因爲你應用FUNC同名的列，你可以遍歷僅通過列和使用矢量化，例如df3 ['A'] = func（df1 ['A']，df2 ['A']），等等？ – StarFox

@StarFox有趣，所以我可能會做類似於：df3中的列：df3 [column] = func（df1 [column]，df2 [column]）？ – Zubo

當然！這就是熊貓/ numpy的力量（一般來說，矢量化）。我將在下面提供一些示例，並且我們將從那裏開始 – StarFox

因此，爲了繼續評論中的討論，您可以使用矢量化，這是像熊貓或numpy這樣的圖書館的賣點之一。理想情況下，你永遠不應該打電話給iterrows()。
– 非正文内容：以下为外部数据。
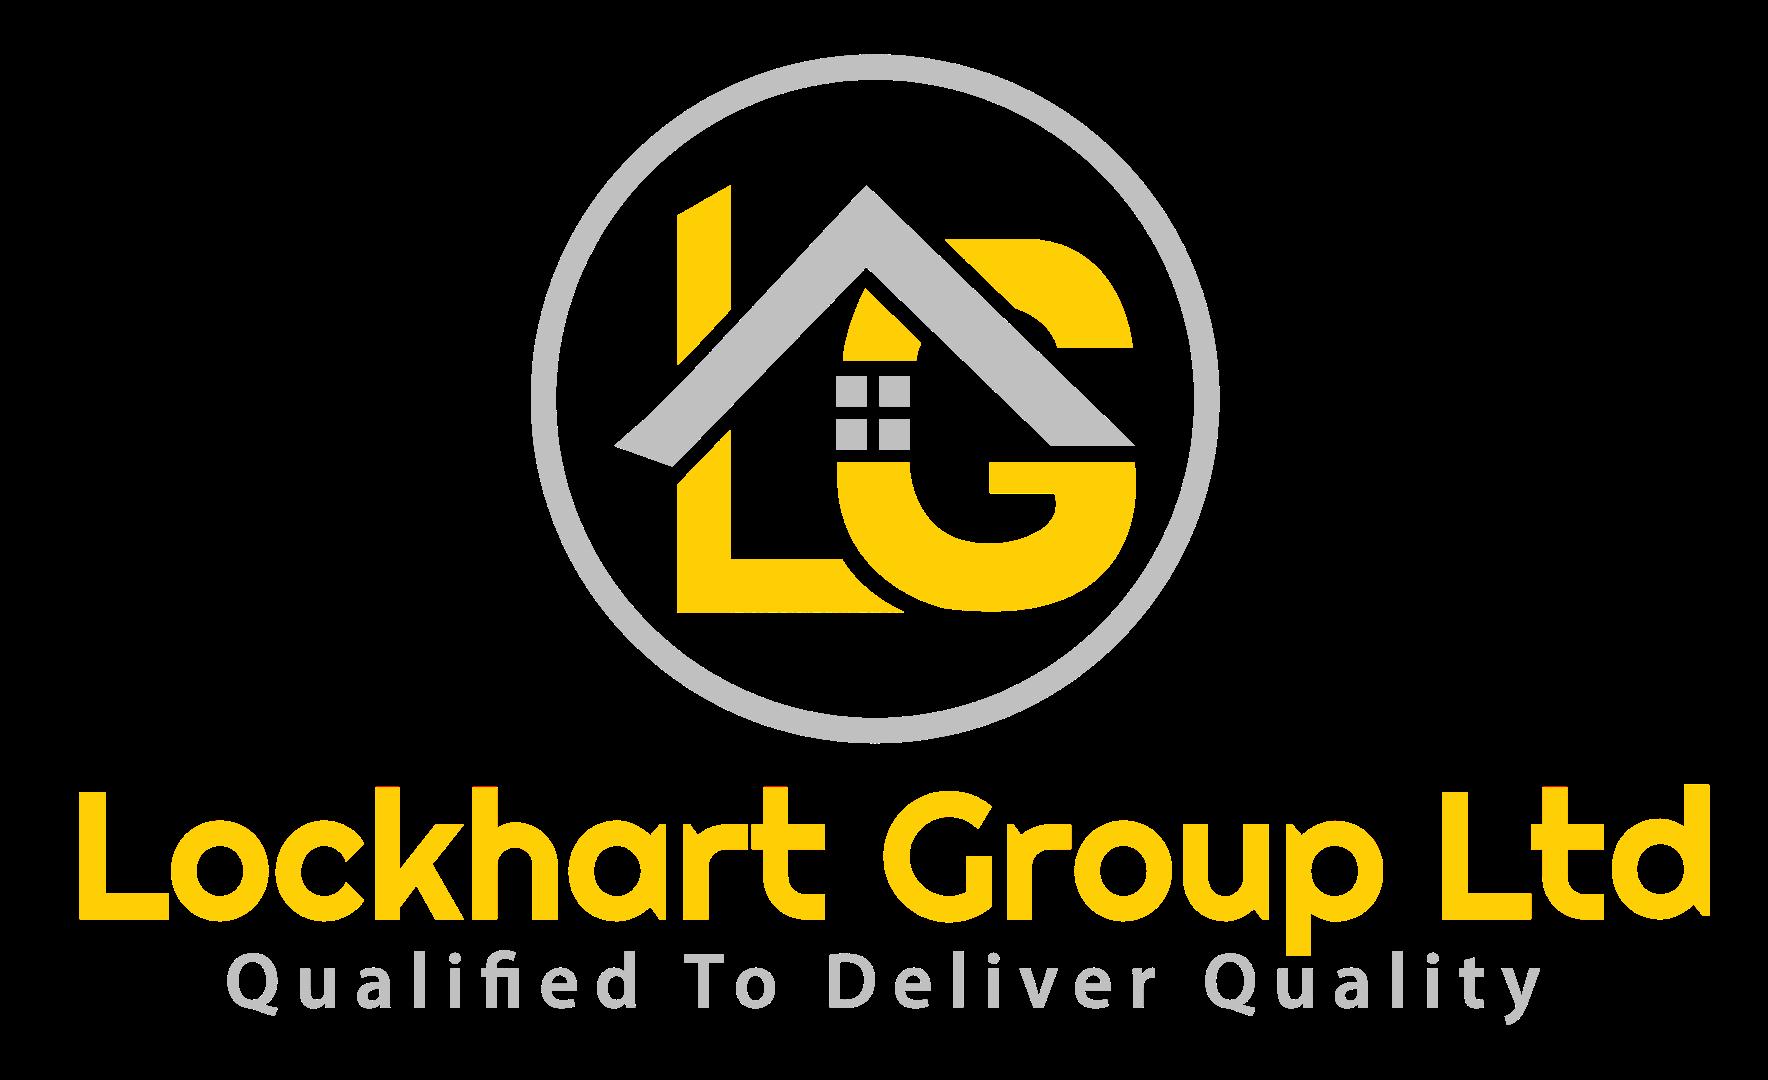 Lockhart Group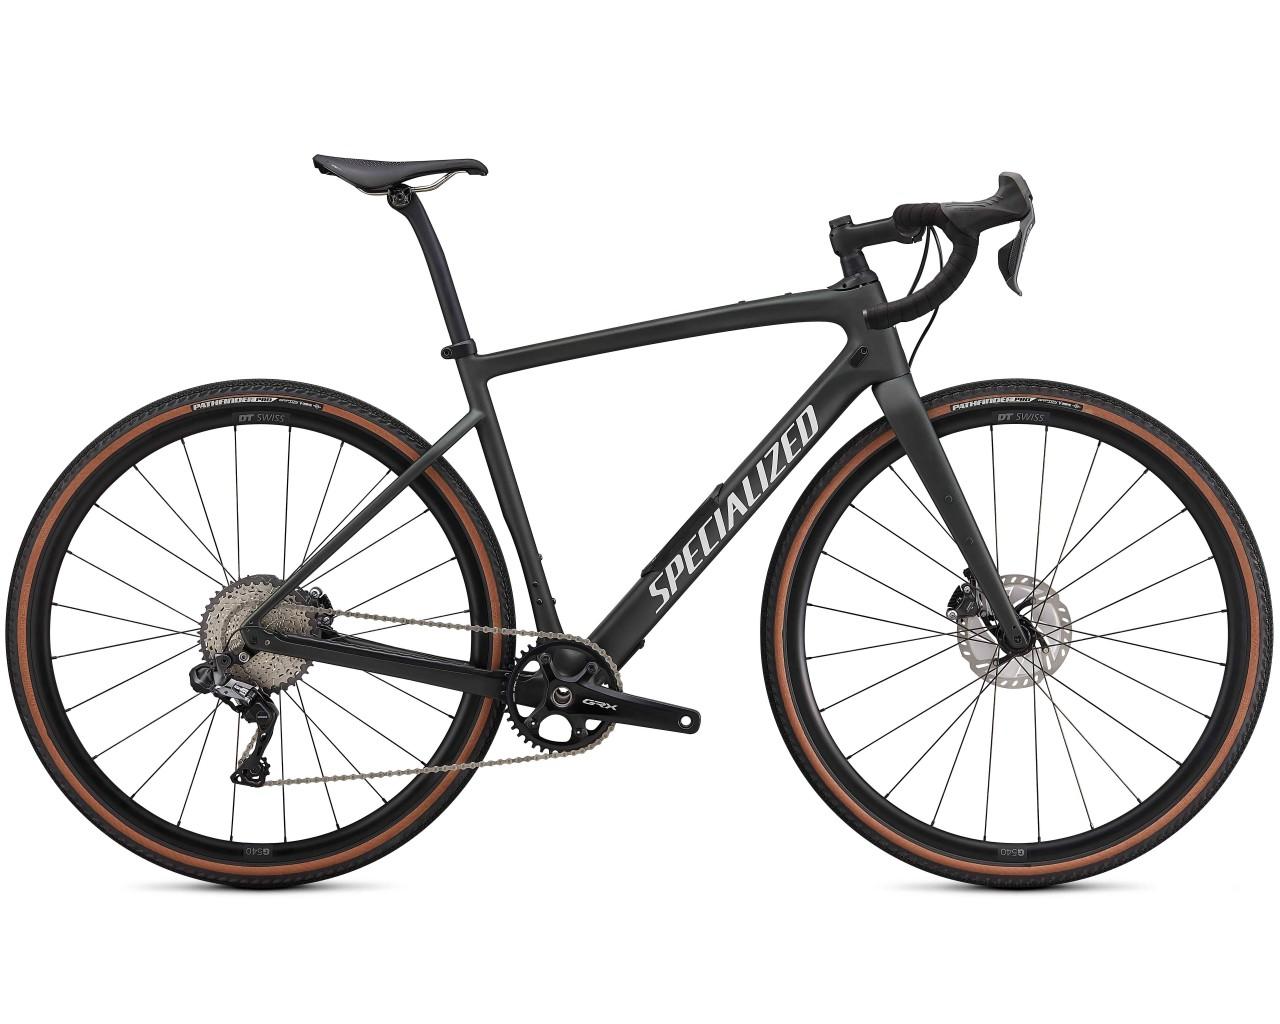 Specialized Diverge Expert Carbon - Gravel Bike 2021 | satin oak green metallic-gloss white-chrome-c

爲了一點更加明確我的建議：

# with df1 and df2 provided as above, an example 
df3 = df1['A'] * 3 + df2['A'] 

# recall that df2 only has the one row so pandas will broadcast a NaN there 
df3 
0 foofoofoozoo 
1    NaN 
Name: A, dtype: object 

# more generally 

# we know that df1 and df2 share column names, so we can initialize df3 with those names 
df3 = pd.DataFrame(columns=df1.columns) 
for colName in df1: 
    df3[colName] = func(df1[colName], df2[colName])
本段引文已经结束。